What’s troubling is how many Southerners apparently can’t pay their bills.

West Virginia, North Carolina, Alabama, Kentucky, Texas – they’re among 13 states where more than four in 10 state residents’ credit card or other debts have been sent to collection agencies, according to a July report by the Urban Institute.

The report, based on data from the credit reporting firm TransUnion, provides insight into how many Americans continue to experience financial stress even though the recession is technically over.   The Urban Institute’s analysis doesn’t focus on mortgage debt, since delinquent home loans generally go into foreclosure and rarely to collections.  Yet many of the Southern states were also hit harder by the housing market collapse than the nation as a whole.

Cities found to have inordinately high shares of their populations with debts in collection include Las Vegas, El Paso, Memphis, Baton Rouge, Orlando, the District of Columbia, and Columbia, South Carolina.

The gamut of bills may wind up with debt collectors, the final resort for bills overdue and unlikely to be paid.  People may not be able to pay a medical or utility bill, or even a parking ticket, or they may miss a car payment, child support, or an installment loan or credit card payment.  But once this occurs, the bad debt can remain on one’s credit history for seven years.

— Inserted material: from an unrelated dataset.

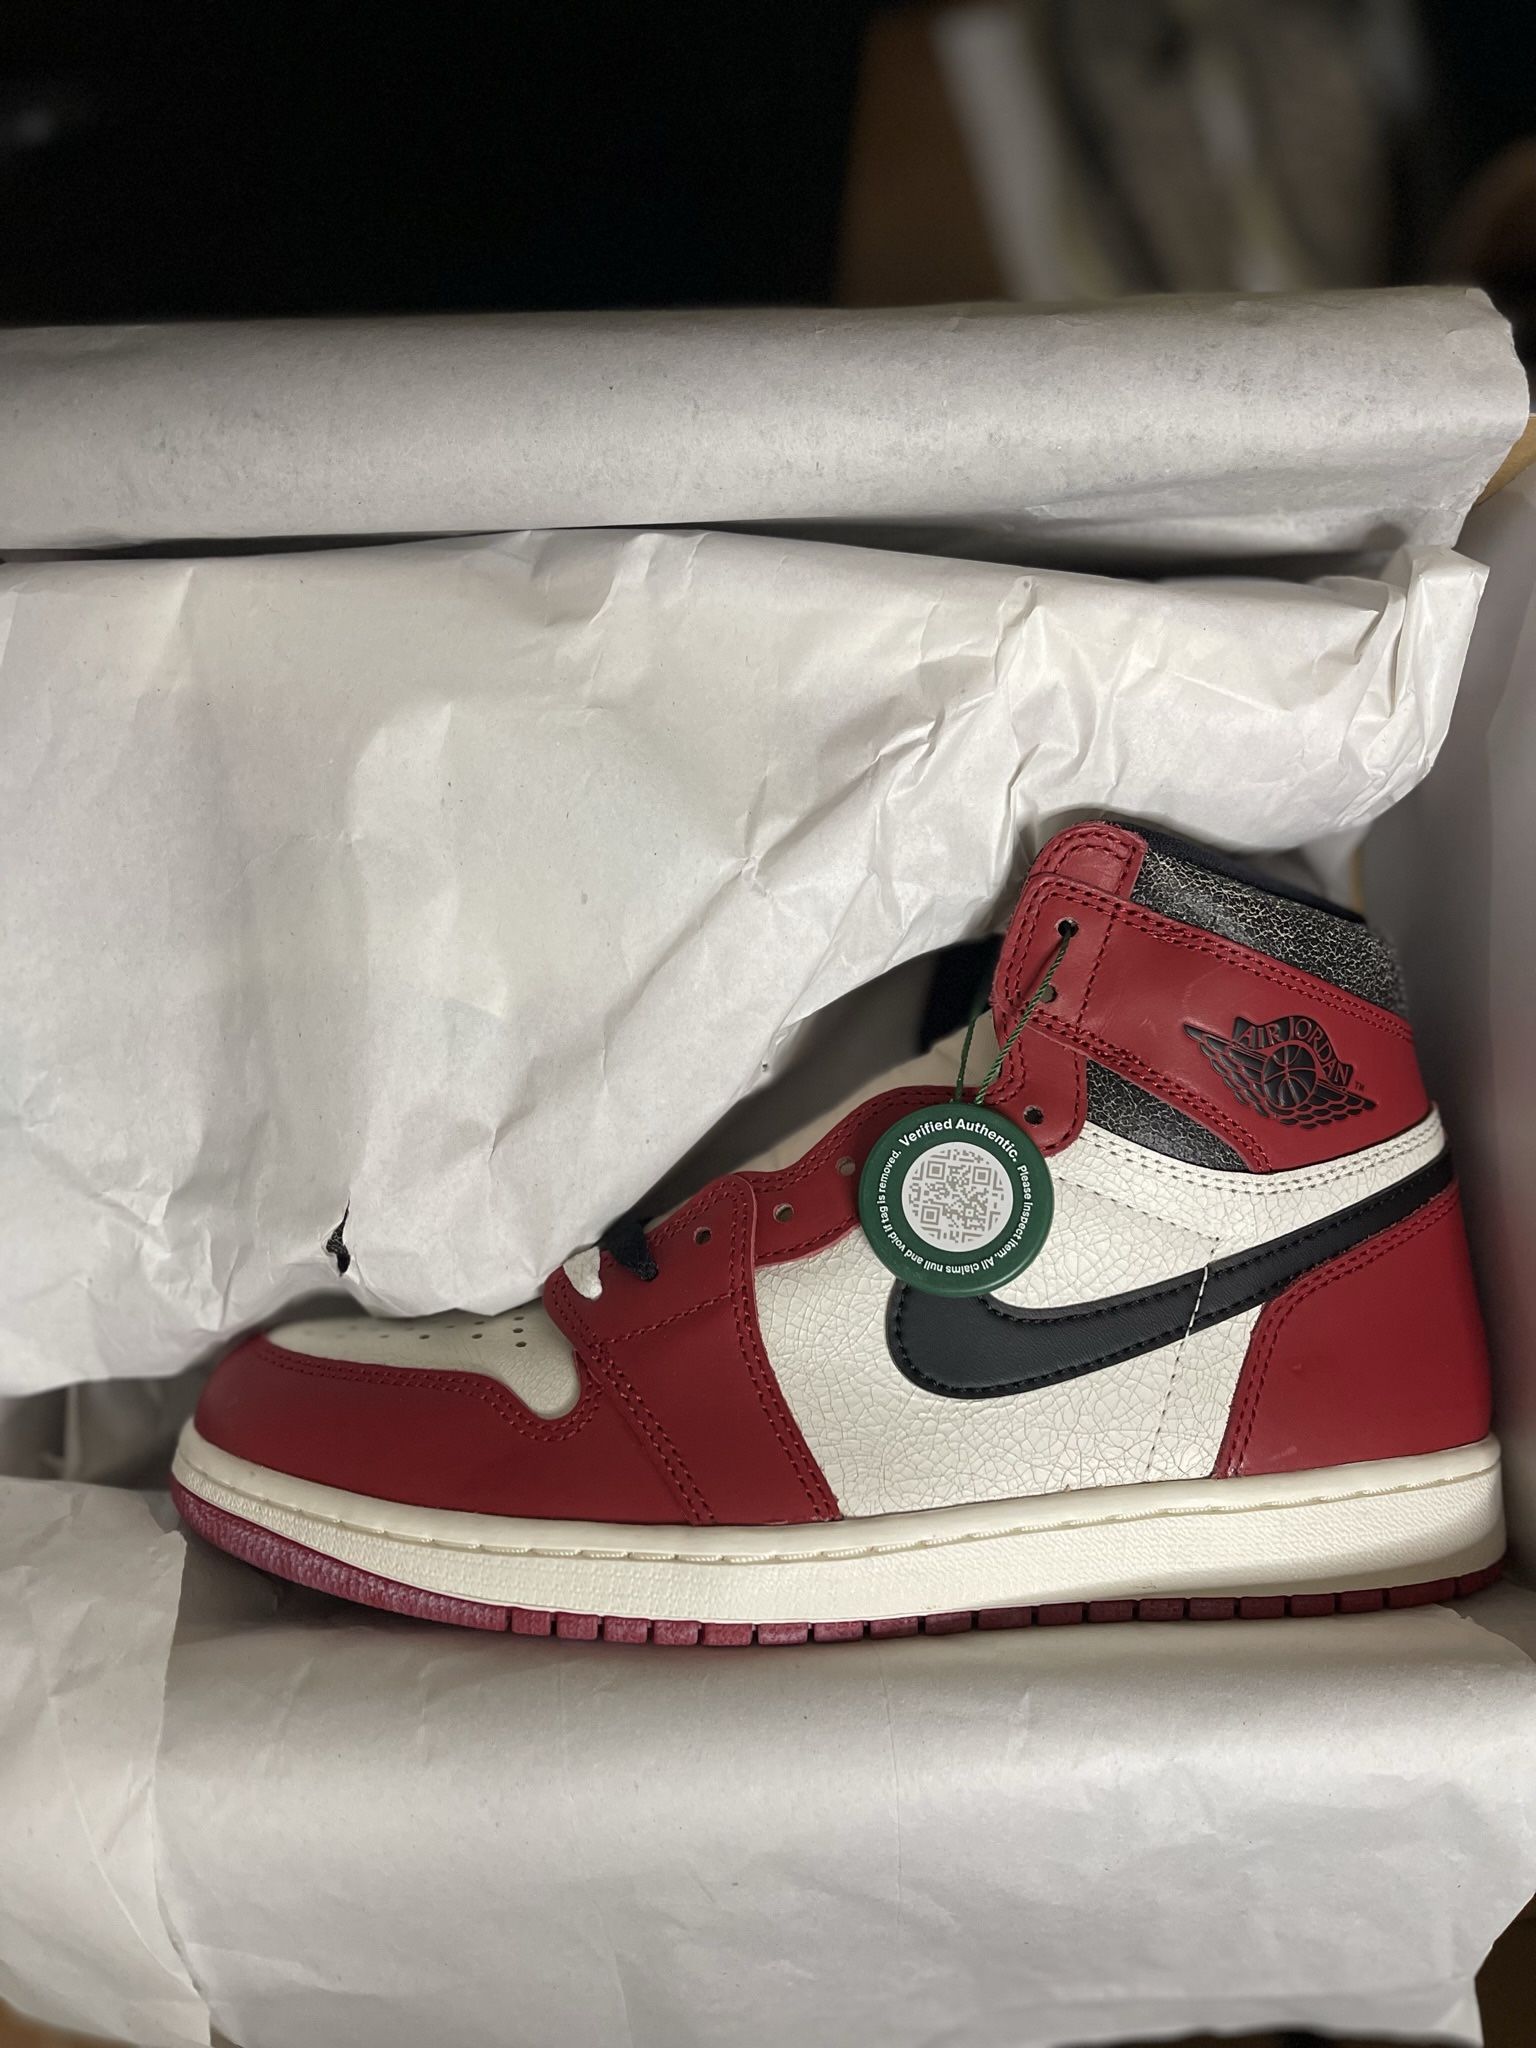 Jordan 1 lost And Found Size 10

The TransUnion data were collected last September for 7 million people.

The Urban Institute said that collection patterns vary widely by region.  But it called “alarming” the fact that 77 million people with a credit file – one in three people nationwide – is dealing with a collection agency.  That figure is roughly in line with the estimate that the Federal Reserve reported a decade ago, prior to the Great Recession.